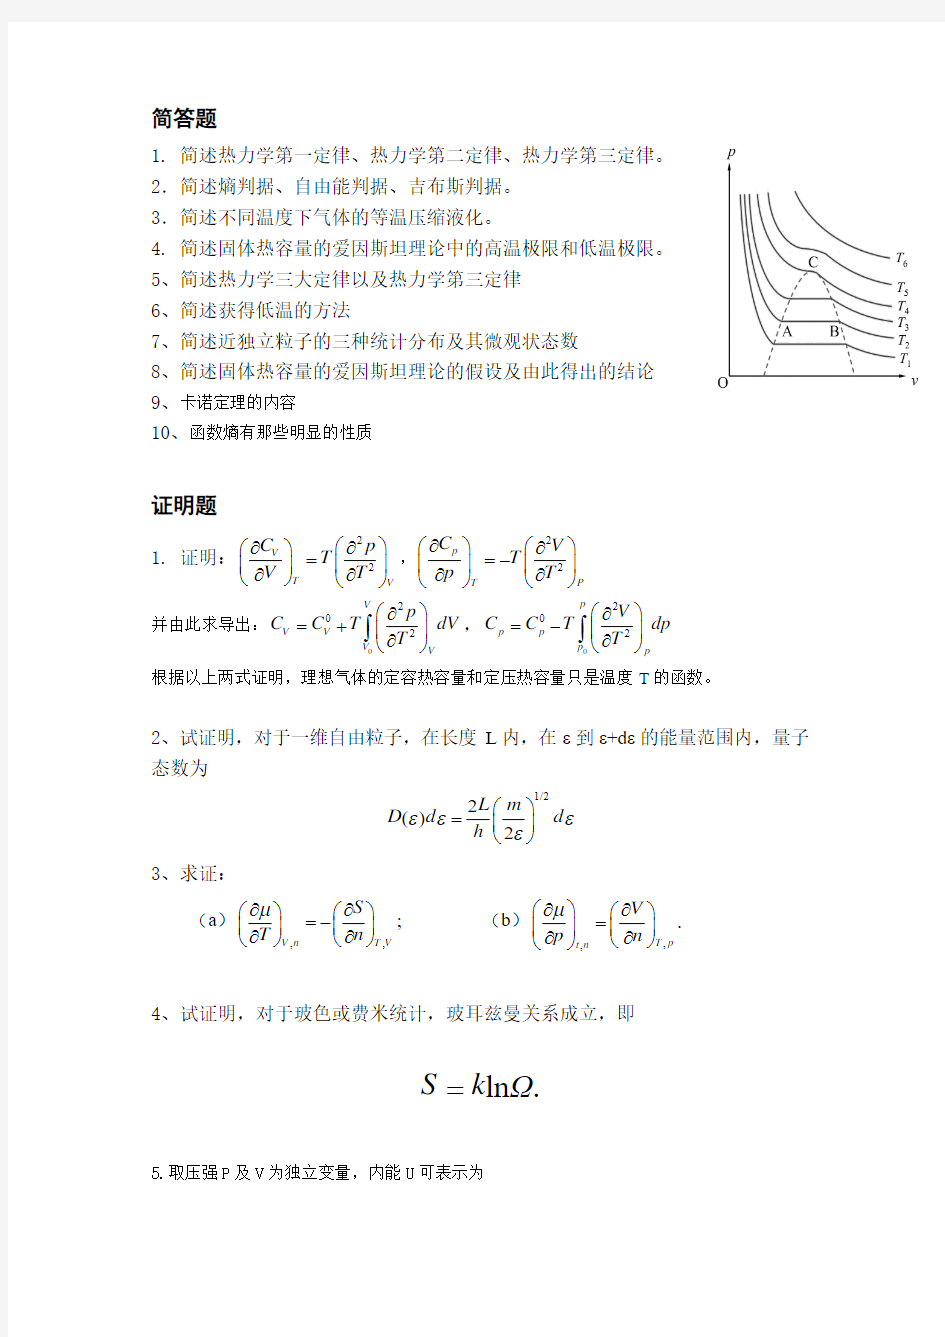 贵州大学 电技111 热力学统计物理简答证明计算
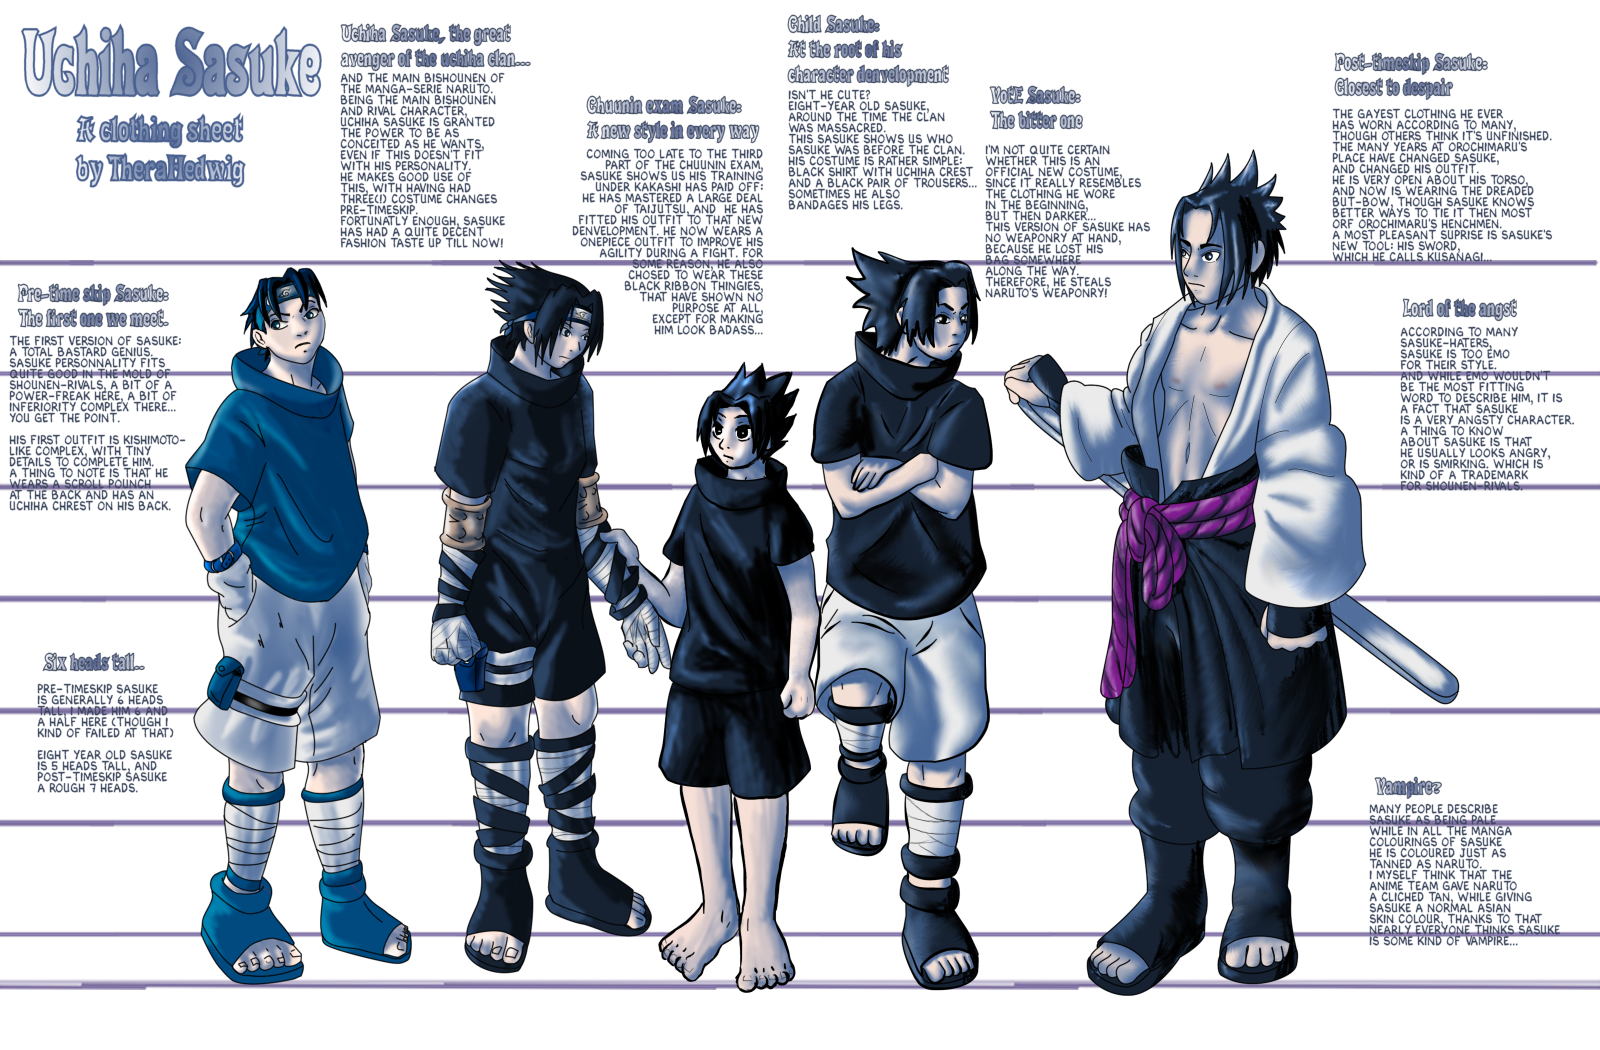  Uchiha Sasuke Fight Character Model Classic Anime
* * *
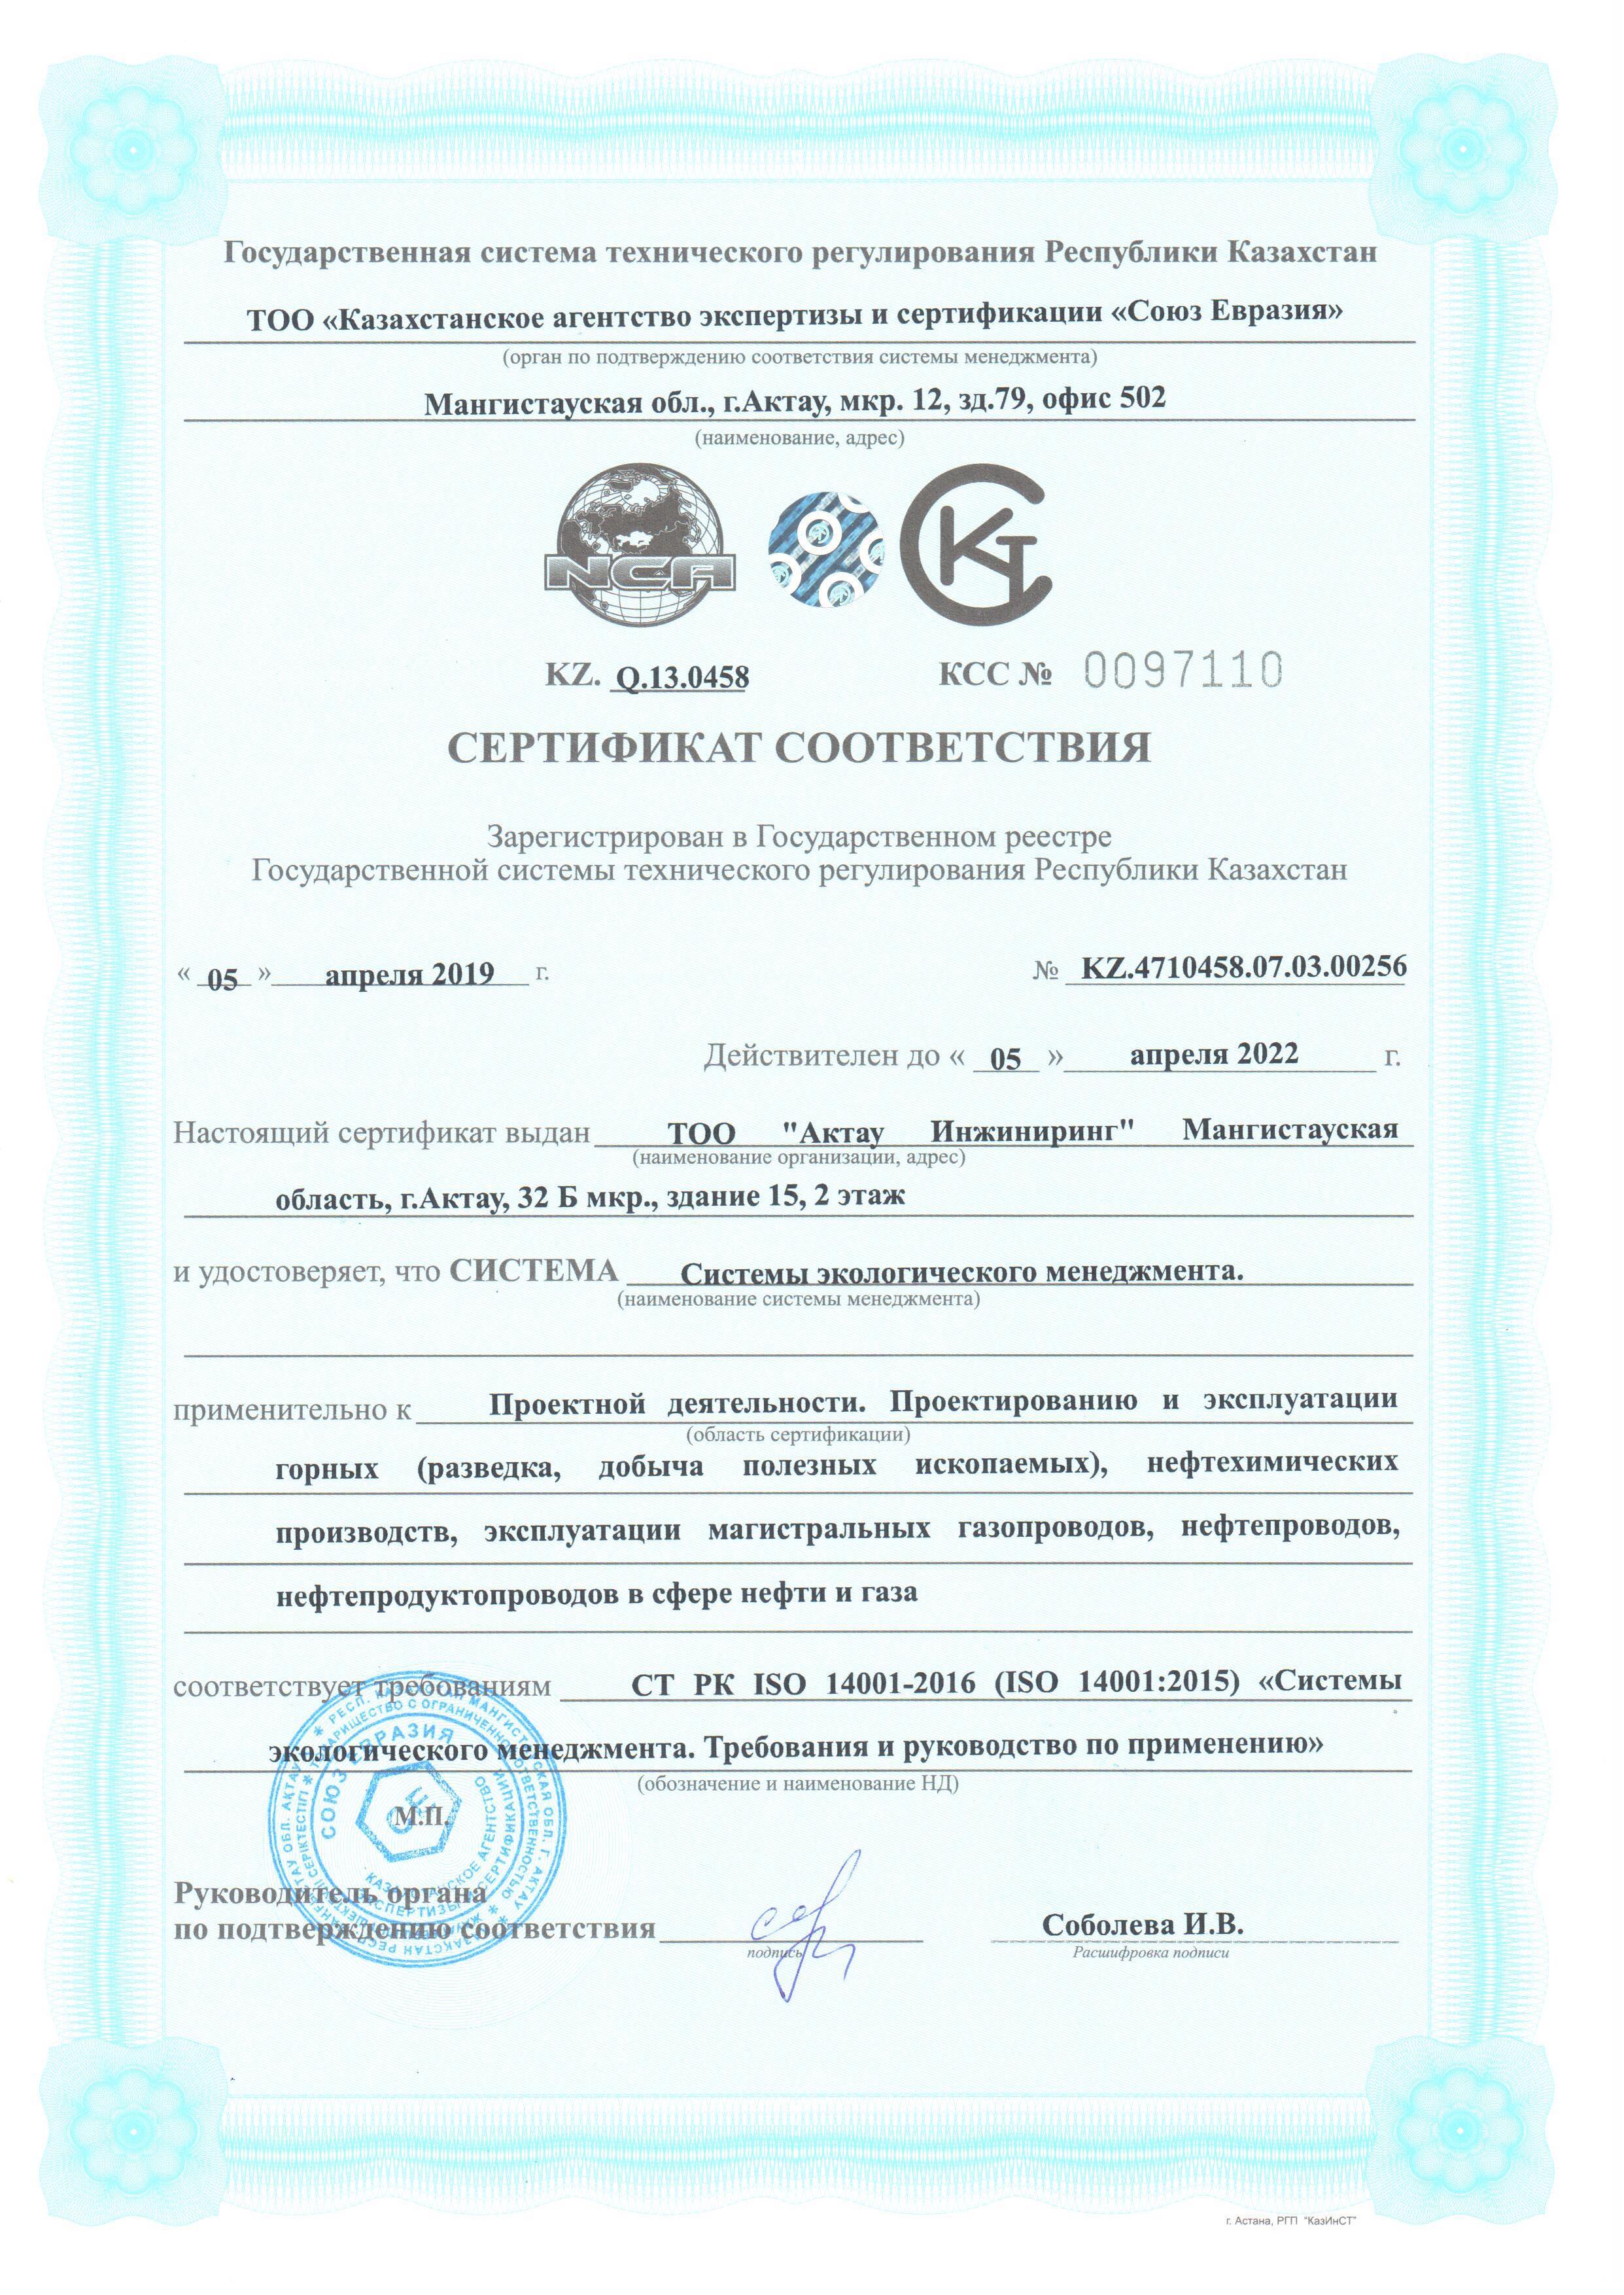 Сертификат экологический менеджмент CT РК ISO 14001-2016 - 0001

PROBLEM TO SOLVE: Leave out every picture, and copy exactly the lines above starting at the one holding "贵州大学 电技111 热力学统计物理简答证明计算" and ending at the one holding "Uchiha Sasuke Fight", no more and no less.

RESULT BELOW:
 贵州大学 电技111 热力学统计物理简答证明计算
  Uchiha Sasuke Fight Character Model Classic Anime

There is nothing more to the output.